(Directions) Please return the lines from the one with "Seifuku no Mama" through the end of the listing below, word for word, with every picture left out.

(Stored data)
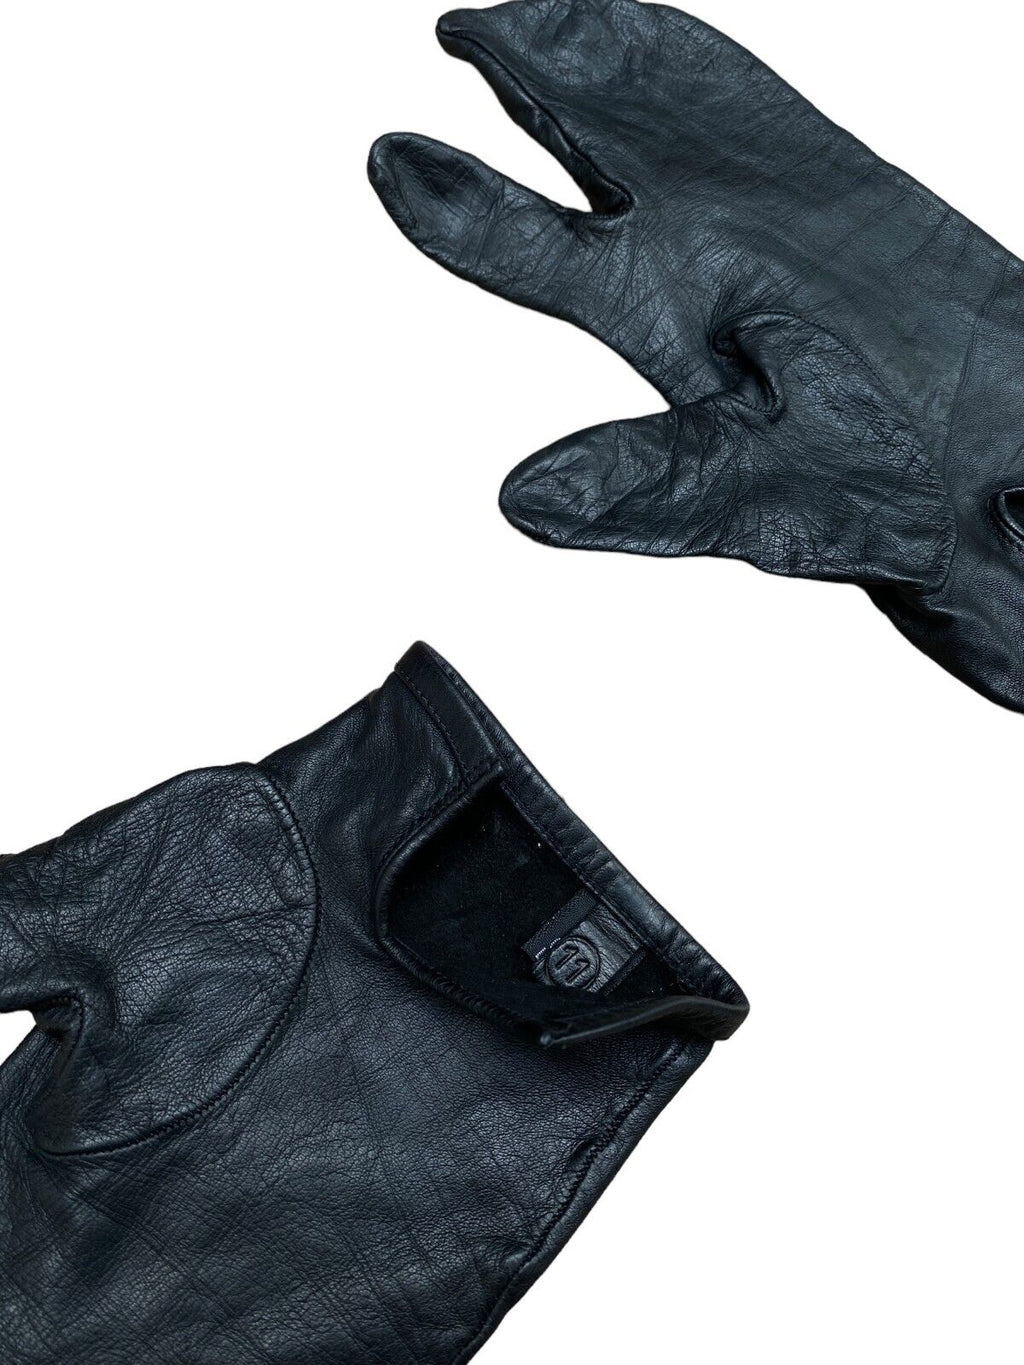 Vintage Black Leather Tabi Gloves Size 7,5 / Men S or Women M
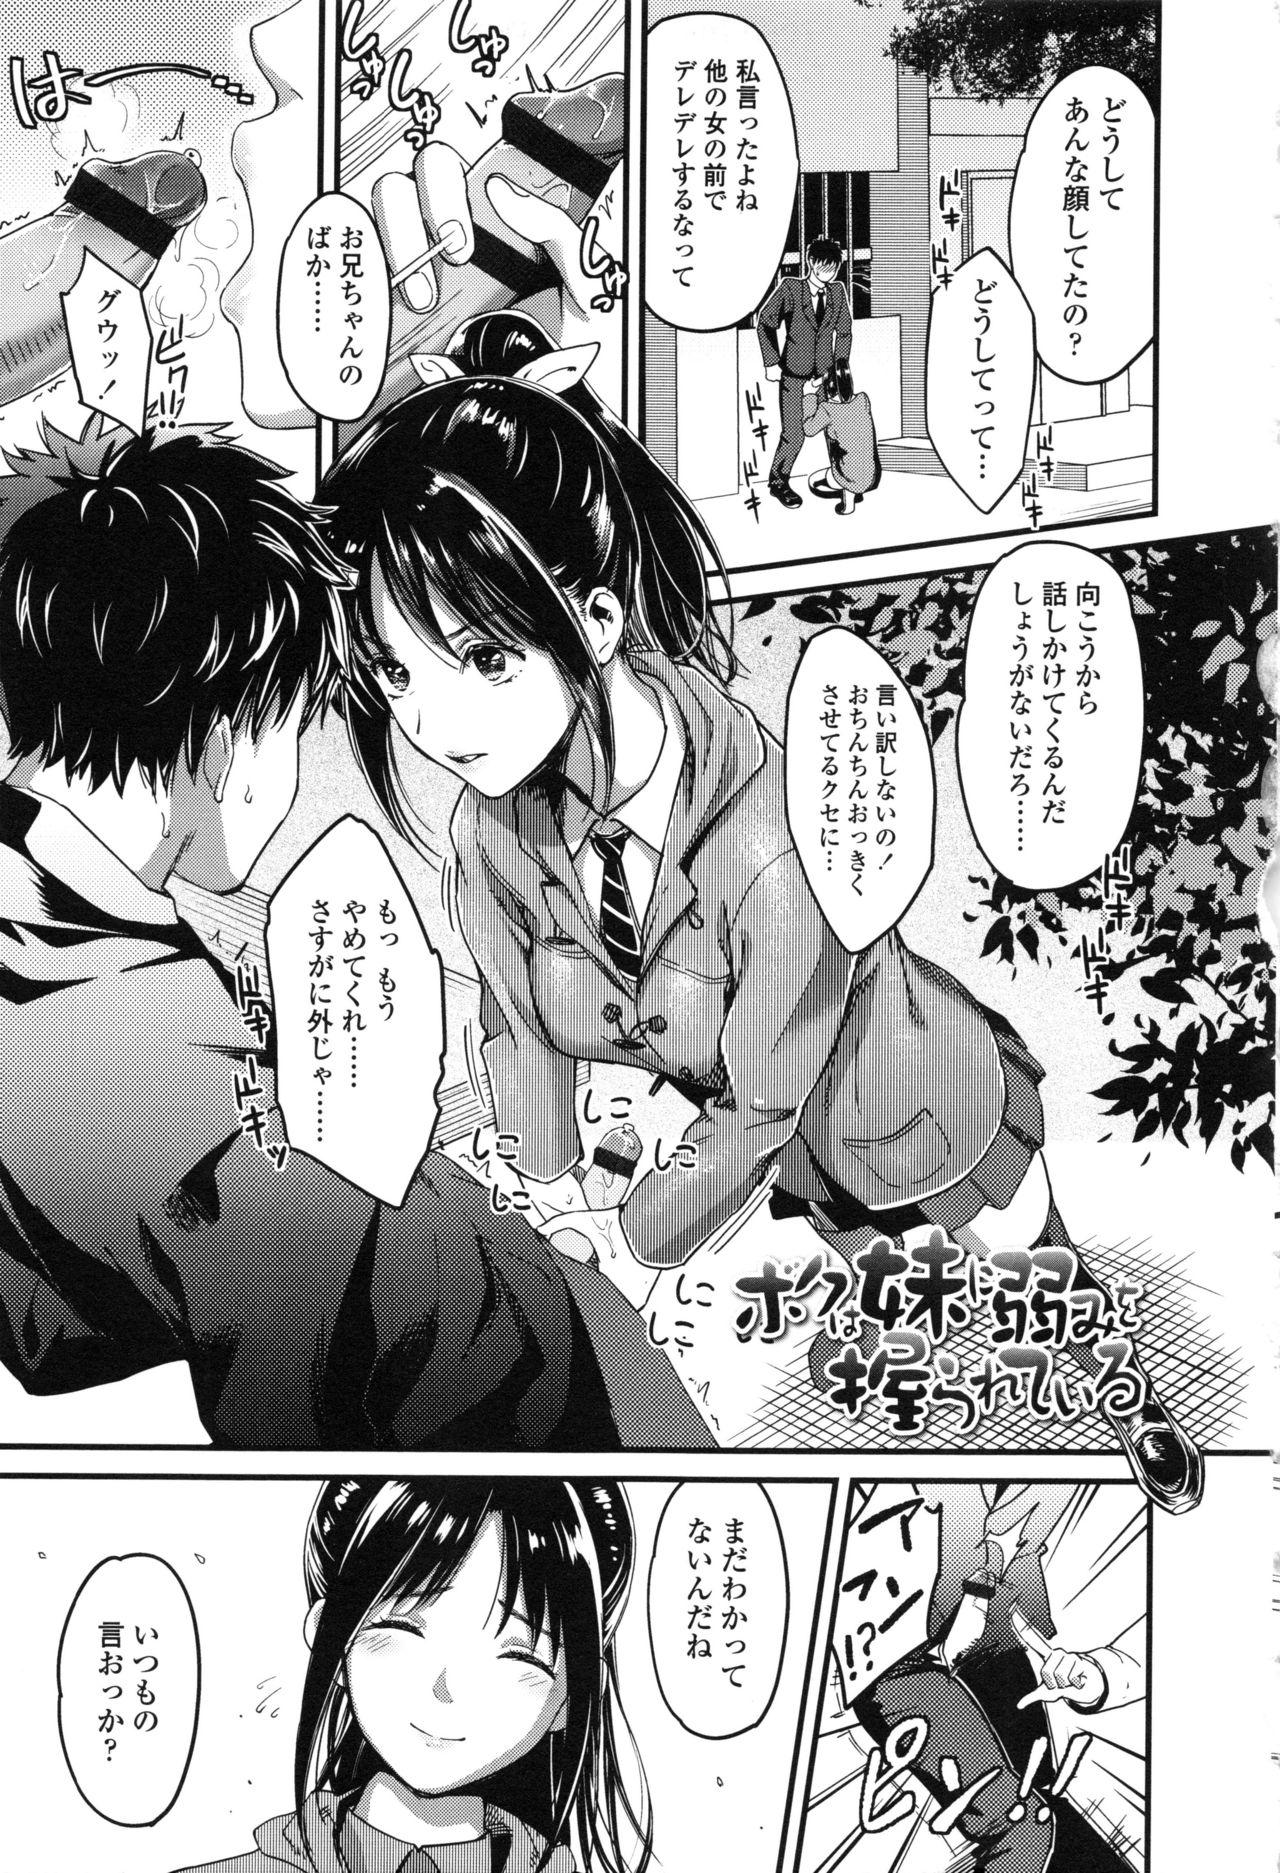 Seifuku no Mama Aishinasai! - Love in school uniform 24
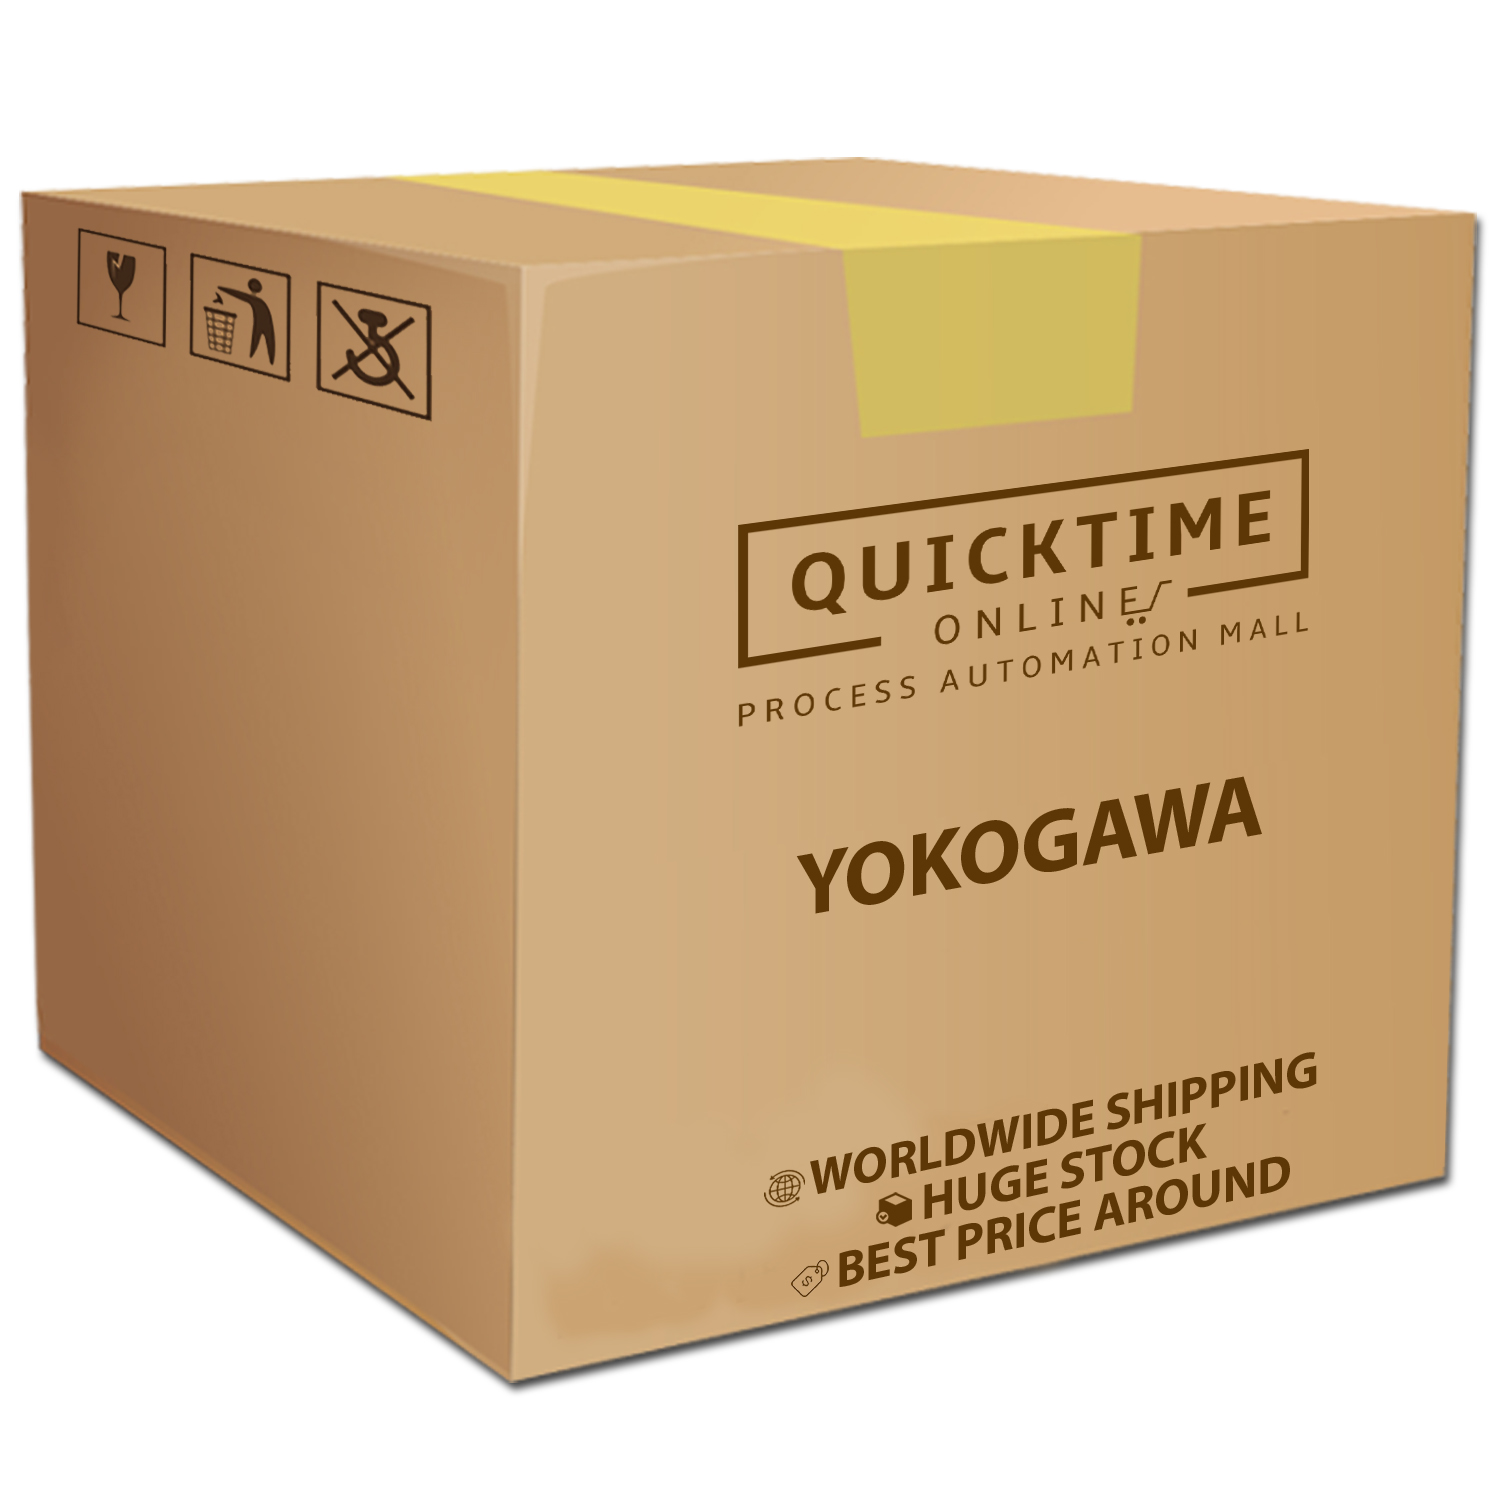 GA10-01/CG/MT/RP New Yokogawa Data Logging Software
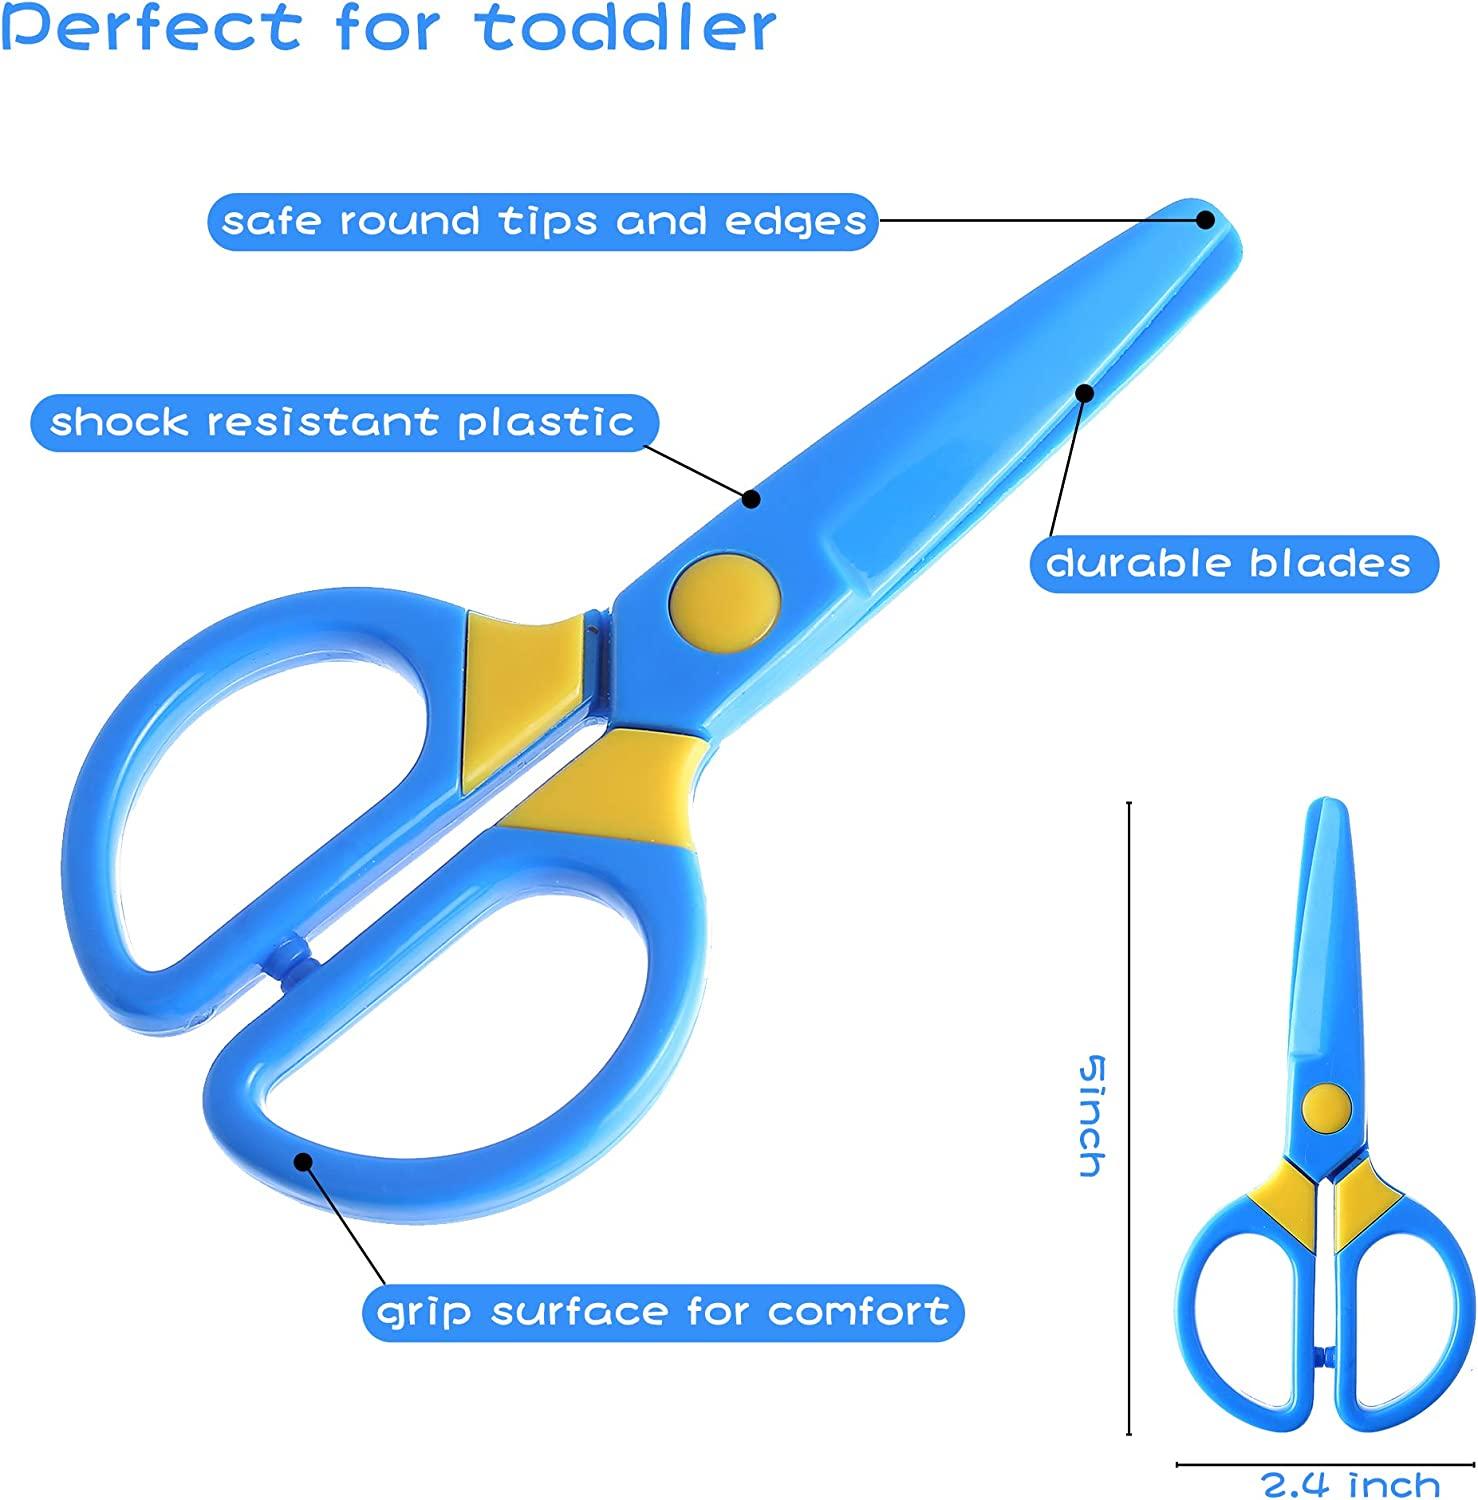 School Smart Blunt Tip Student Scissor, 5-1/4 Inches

(Output of the task)
 Seifuku no Mama Aishinasai! - Love in school uniform 24
 GA10-01/CG/MT/RP New Yokogawa Data Logging Software
 School Smart Blunt Tip Student Scissor, 5-1/4 Inches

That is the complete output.